L’imbroglio Umar Patek: genèse de la Jemaah Islamiyah ( Première partie)

Un garçon charmant, assurément

Umar Patek

 La nouvelle est tombée jeudi dans la soirée et ce n’est pas une surprise. Un tribunal de Jakarta a donc condamné Umar Patek à 20 ans de prison. Une nouvelle chronique de la vie quotidienne indonésienne peut-être, mais celle-ci a une importance particulière dans le climat de tensions qui secoue l’Archipel.  Il s’agit aussi de la conclusion – temporaire, l’avocat de Patek ayant annoncé qu’il allait faire appel – d’un imbroglio qui risque d’avoir des conséquences sur les relations de Jakarta avec certains de ses partenaires. Retour sur un jugement prévisible…

 Qui est Umar Patek ? Cet indonésien né sur l’ile de Java était membre de la défunte( ?) Jemaah Islamiyah (JI), groupe terroriste présent dans une grande partie de l’Asie du Sud-est archipélagique. On sait peu de chose sur Patek et sa jeunesse, uniquement qu’il aurait des origines arabes. On en sait encore moins sur son engagement pour le Jihad. Cependant, à l’instar des Nurdin M. Top ou Dulmatin, Patek était l’un des membres éminents de la JI. Surnommé Demolition Man, il a été reconnu coupable de part son implication dans l’attentat de Bali en octobre 2002 et dans le cadre des attaques des églises de Jakarta en décembre 2000.

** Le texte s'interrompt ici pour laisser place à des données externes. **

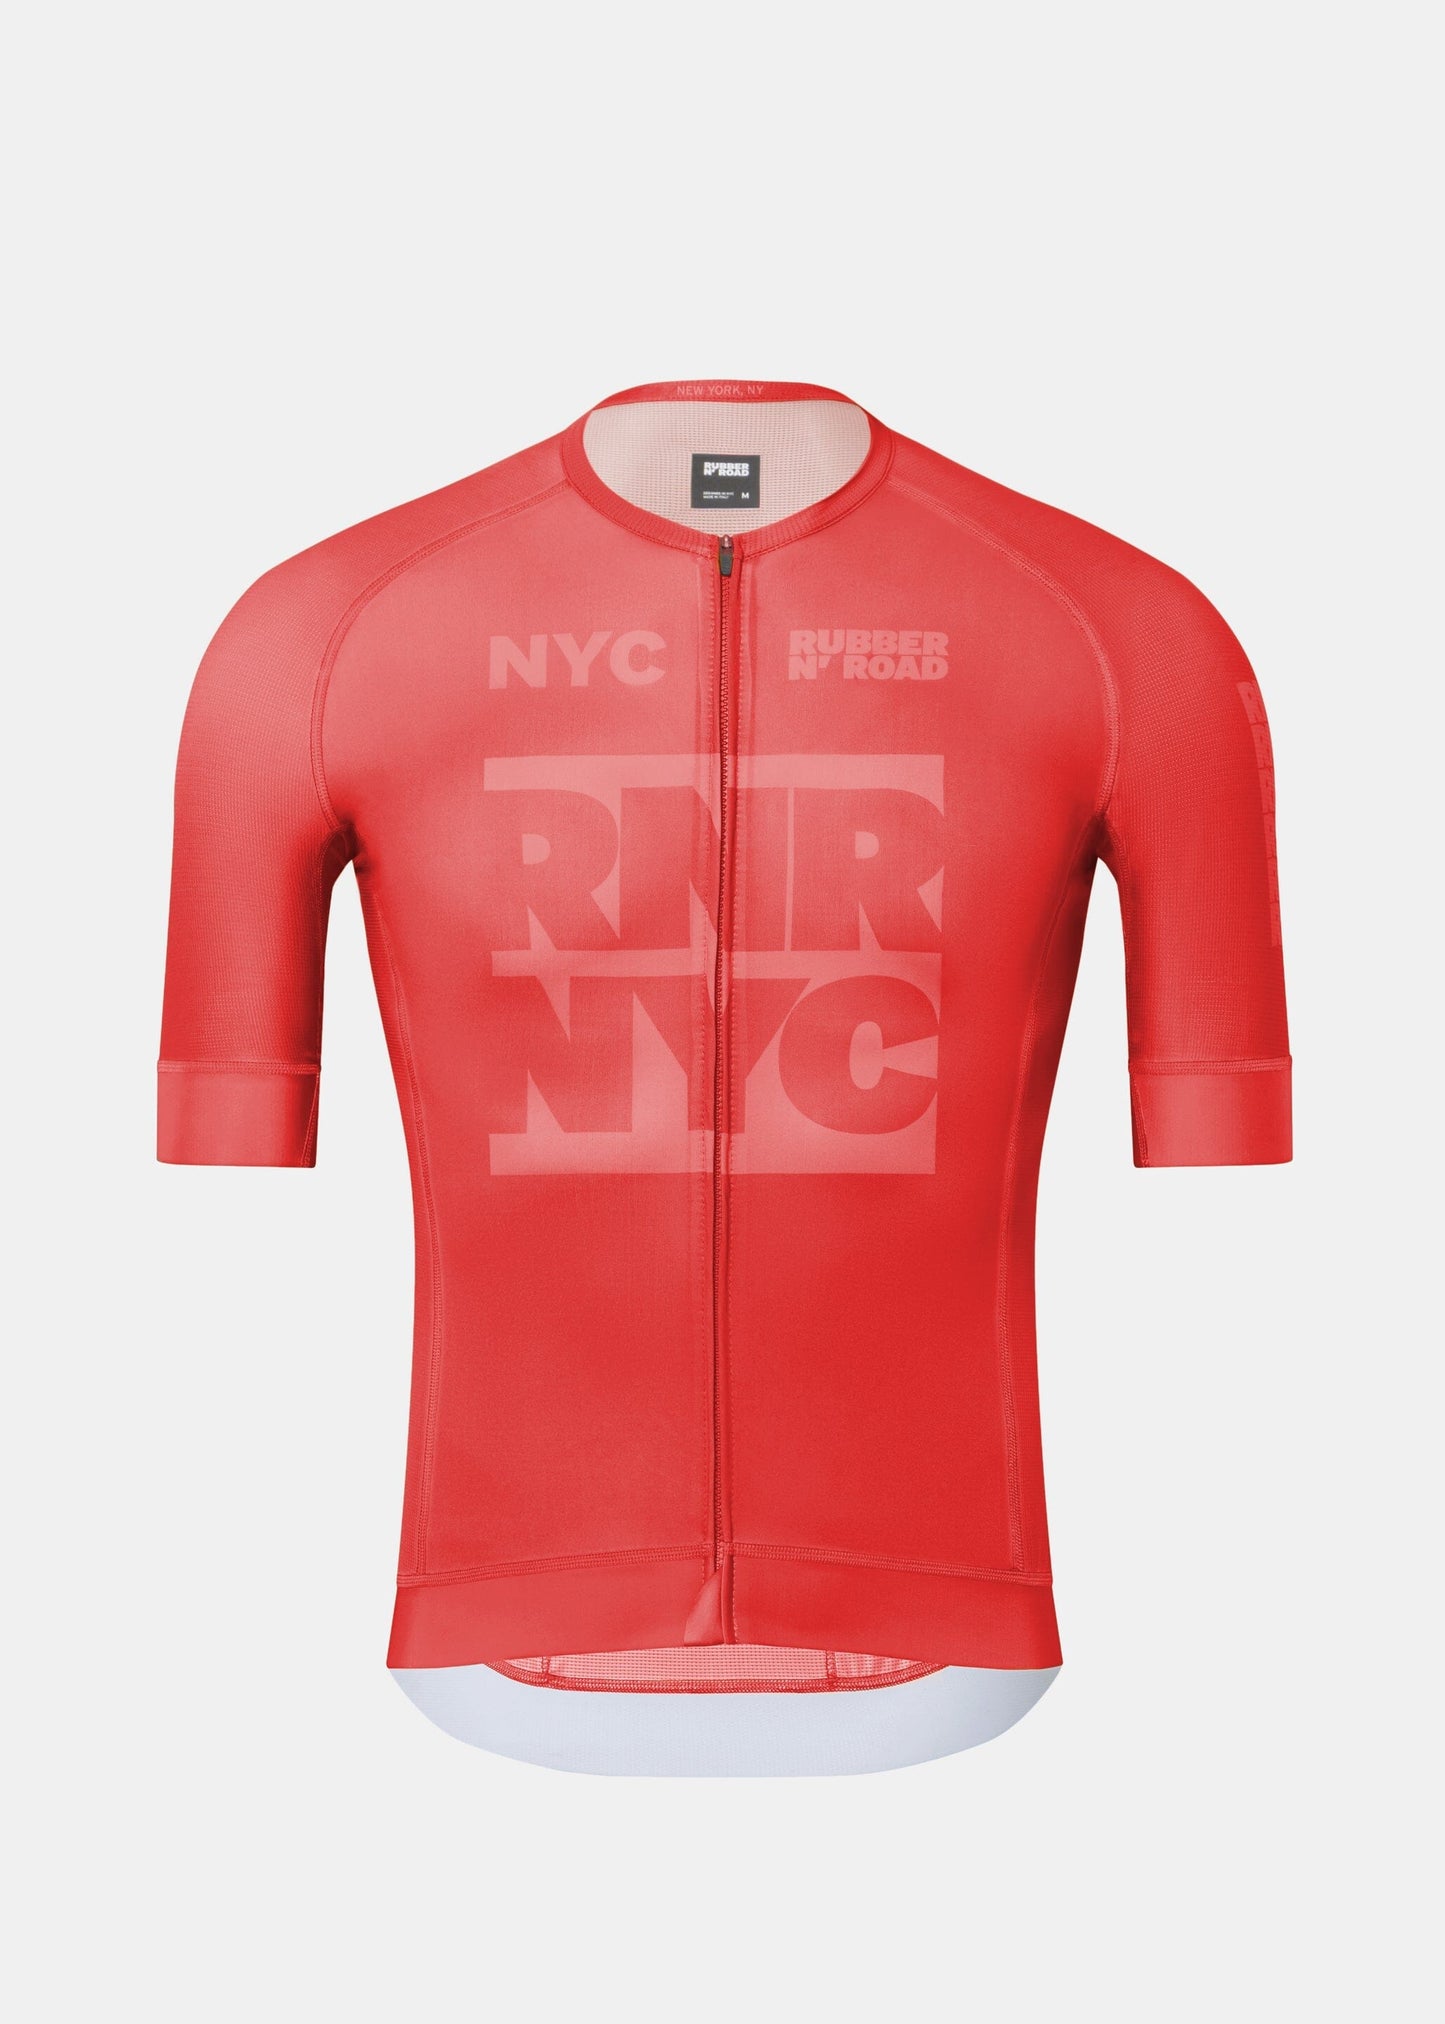 Rubber N' Road - Jersey Shadow Maillots Rubber N' Road Red S 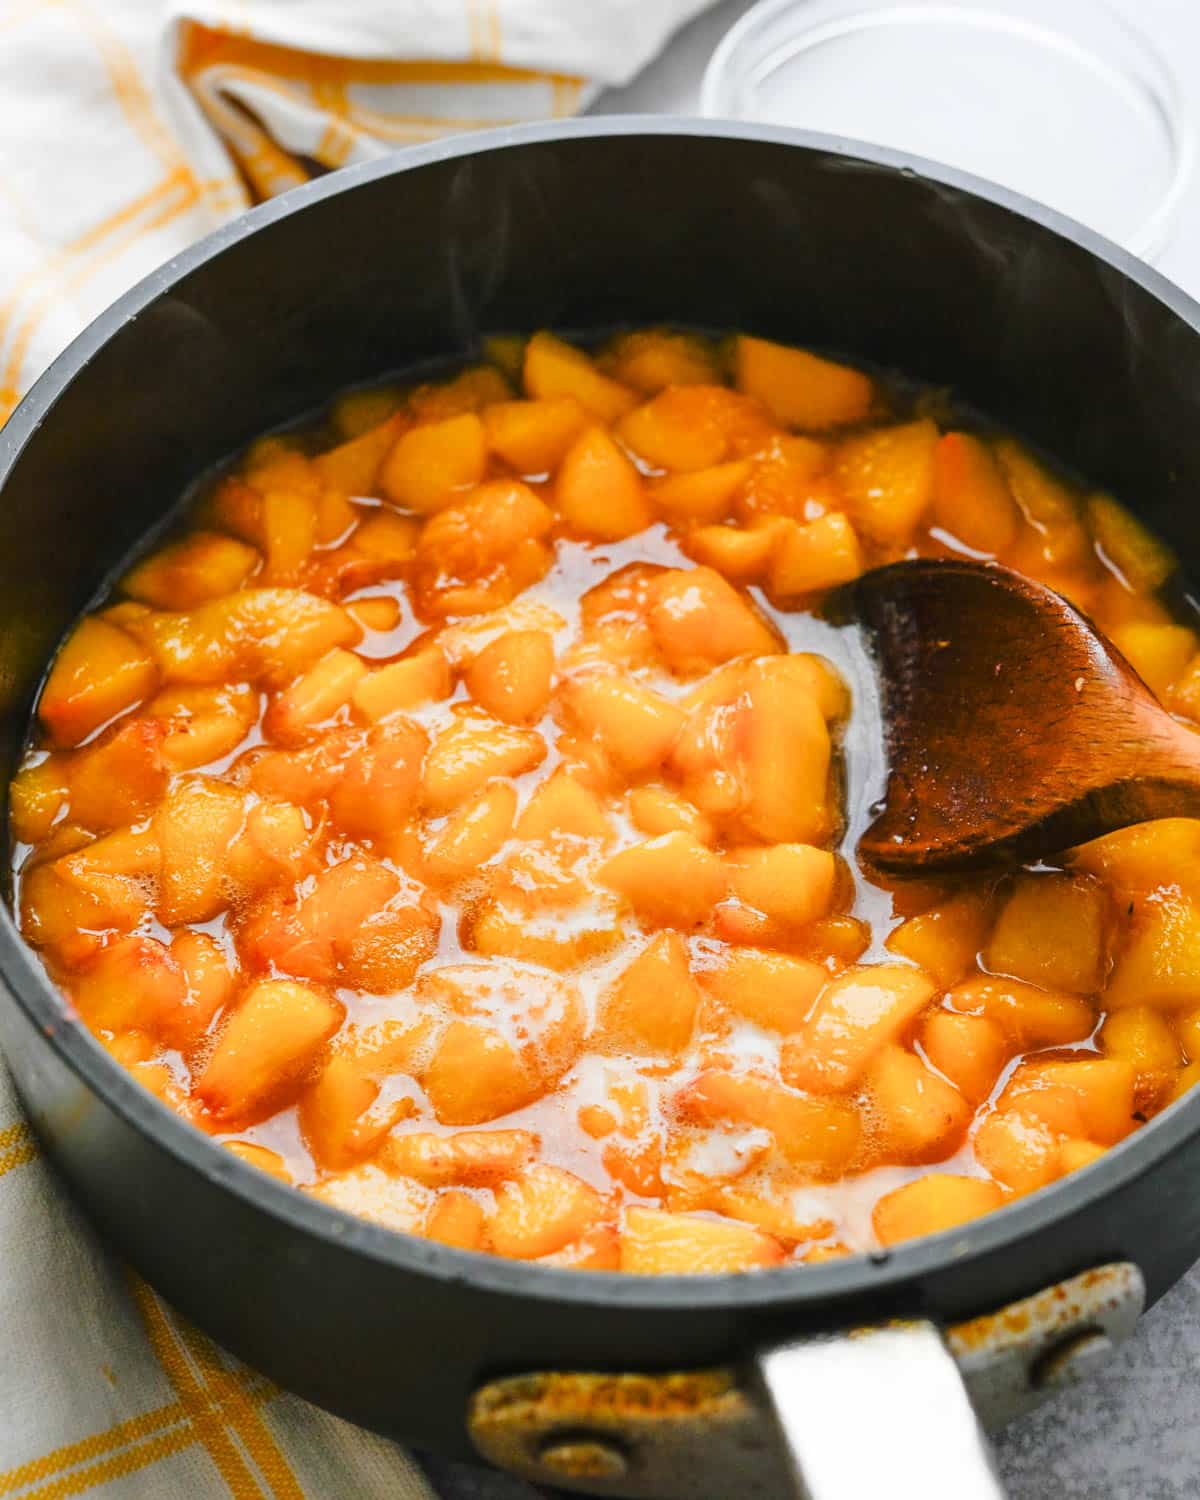 I am cooking chopped peaches in a saucepan with sugar and cornstarch slurry.

Petit rappel des faits : le 24 décembre 2000, la communauté chrétienne de Jakarta s’apprête à célébrer Noel et il en va de même dans l’ensemble de l’Archipel. A Jakarta, ce sont cinq églises qui sont visées, mais il en est de même dans huit autres villes indonésiennes (Medan, Batam, Bandung, Mataram, Sukabumi, Pekanbaru, Mojokerto).  18 personnes sont tuées à l’ occasion de ces attaques. Le 12 octobre 2002, à 23h05 heure locale, un terroriste pénètre dans le Paddy’s Bar, un pub situé dans le quartier touristique de Kuta, sur l’île de Bali, en Indonésie et y fait exploser une bombe, cachée dans son sac à dos, créant un mouvement de panique et un afflux de personnes dans la rue. C’est à ce moment qu’un véhicule piégé, garé devant le Sari Club, une discothèque, explose à son tour. Le bilan est lourd, il s’agit du plus grave acte de terrorisme dans l’histoire de l’Indonésie : 202 morts et 209 blessés, majoritairement des étrangers – Australiens pour la plupart – en vacances à Bali. La JI, et plus particulièrement Abu Bakar Bashir, responsable du groupe, est considérée comme l’inspirateur de ces attentats. Le spectre d’Al Qaeda ressurgit dans cette région un peu plus d’un an après les attentats du 11 septembre 2001.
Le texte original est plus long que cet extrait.